Native On-Chip GDB Remote Protocol Support

November 24th, 2012

A typical software debug solution for an embedded systems might involve a JTAG connection to the board, and then some kind of protocol translation software that handles communication between GDB’s remote serial protocol and the target JTAG port (see OpenOCD, for instance). The FPGA systems I’m working with include JTAG ports, and the vendors also provide JTAG IP cores for interfacing them to your digital logic. On the other hand, these systems also have nice UARTs that are easy to talk to. We have the opportunity to dramatically simplify the debug toolchain by including support for GDB’s remote protocol directly on chip. This would be a hardware implementation of the protocol – no software stubs required.

The GDB Target Engine IP core is essentially a state machine that reads GDB packets coming over the UART (a microusb connection to my laptop). It has direct access to MoxieLite core through some additional wires for extracting register values. It also acts as a bus master to read/write directly to/from memory. The Marin SoC only has one bus master – the moxie core. The nice thing here is that we don’t have to add any new bus arbitration logic for the second master, because only one master will ever be active at a time.

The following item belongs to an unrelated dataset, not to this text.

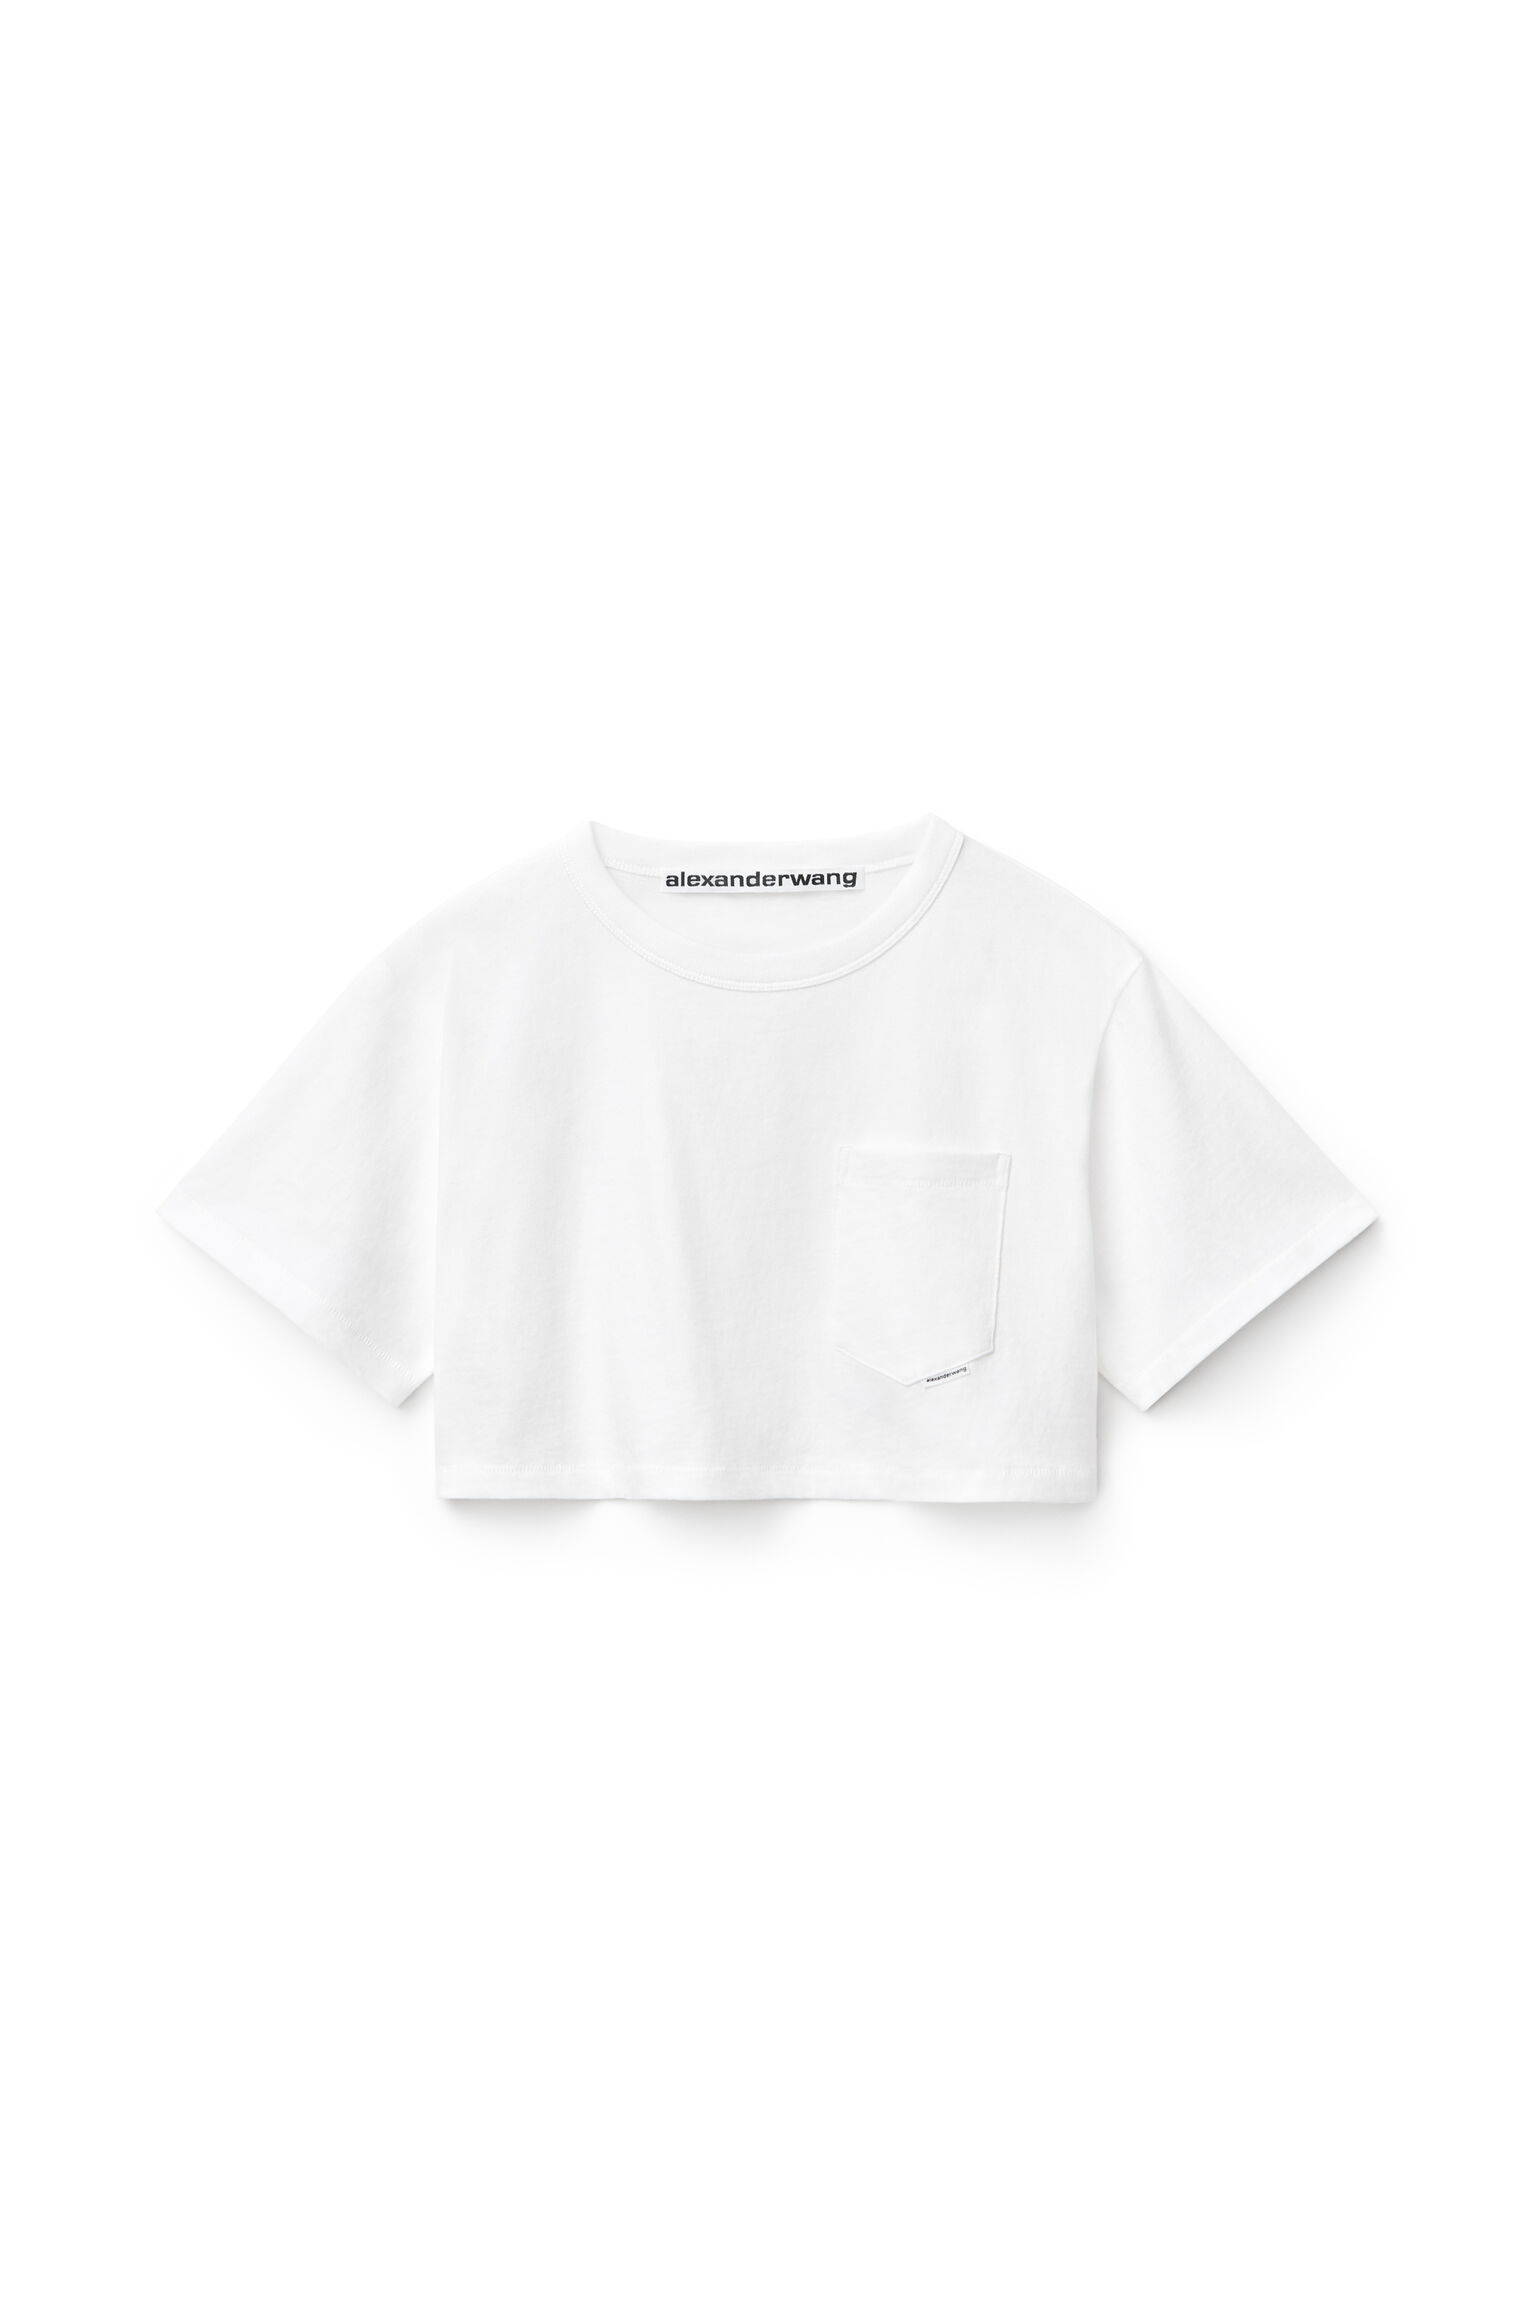 Alexander Wang Chain Strap Crop Top in White

We’re either running in debug mode (active connection to GDB over the UART), in which case the GDB Target Engine is the bus master, or we’re running in regular mode, where the moxie core is in control.

The GDB remote protocol includes many commands these days, but only a small number are required to be supported by the target: read/write registers, read/write memory, step and continue.

Current status is that I can connect GDB directly to the SoC using “target remote /dev/ttyUSB0″, at which point GDB negotiates with the target to determine what features are supported. I can hit Ctrl-C in GDB to tell the SoC to enter debug mode. The Target Engine core then talks to MoxieLite to extract register values, converts them to ASCII text and sends them back to the debugger over the wire. This includes the PC, so GDB knows where to go. Given that this is working, I’m not too worried about the rest of it – but only time will tell…

Tags: gdb, JTAG, marin, SoC
Posted in moxie | No Comments »

Running a C Program on the Marin SoC

November 15th, 2012

I’ve just committed the bits required to run a C program on the Marin SoC.

Rather than hook up the Nexys3 external RAM module, I’m using extra space on the FPGA itself for RAM. Most of the hard work was sorting out the linker script magic required to generate an appropriate image.

I’ve also added a UART with 1k hardware FIFO transmit and receive buffers. The 1k is probably overkill, so I’ll likely shrink them once everything else is working.

I’ve moved all memory mapped IO devices up to 0xF0000000. So, for instance, the 7-segment display LED is at 0xF0000000, and the UART transmit register is at 0xF0000004. I’ll just keep going from there.

Next comes libgloss hacking to map stdout/stdin to the UART (which I talk to with minicom on my Linux box). We’re very close to “Hello World” now!

Tags: fpga, gcc, marin, newlib, Nexys3, SoC
Posted in moxie | 1 Comment »

Moxie SoC Progress

November 10th, 2012

Time for a quick update!

“Marin” is the name of my test SoC consisting of a wishbone wrapped 75Mhz big-endian MoxieLite bus master, along with two slave devices: embedded ROM and the Nexys3′s 7-segment display. So, right now I can write some code into FPGA embedded ROM to manipulate the display. For example…

        .text
	.p2align        1
        .global MarinDisplayTest

        .equ BIG_ENDIAN,1

        # This is where 7-segment display is mapped to memory
        .equ DISPLAY_ADDR,0x00100000

MarinDisplayTest:
        ldi.l   $r1, 0x1234
        ldi.l   $r3, 0x0
loop:   sta.s   DISPLAY_ADDR, $r1
        dec     $r1, 1
        ldi.l   $r2, 5000000
delay:  dec     $r2, 1
        cmp     $r2, $r3
        bne     delay
        jmpa    loop

This displays a countdown on the hex display starting at 1234.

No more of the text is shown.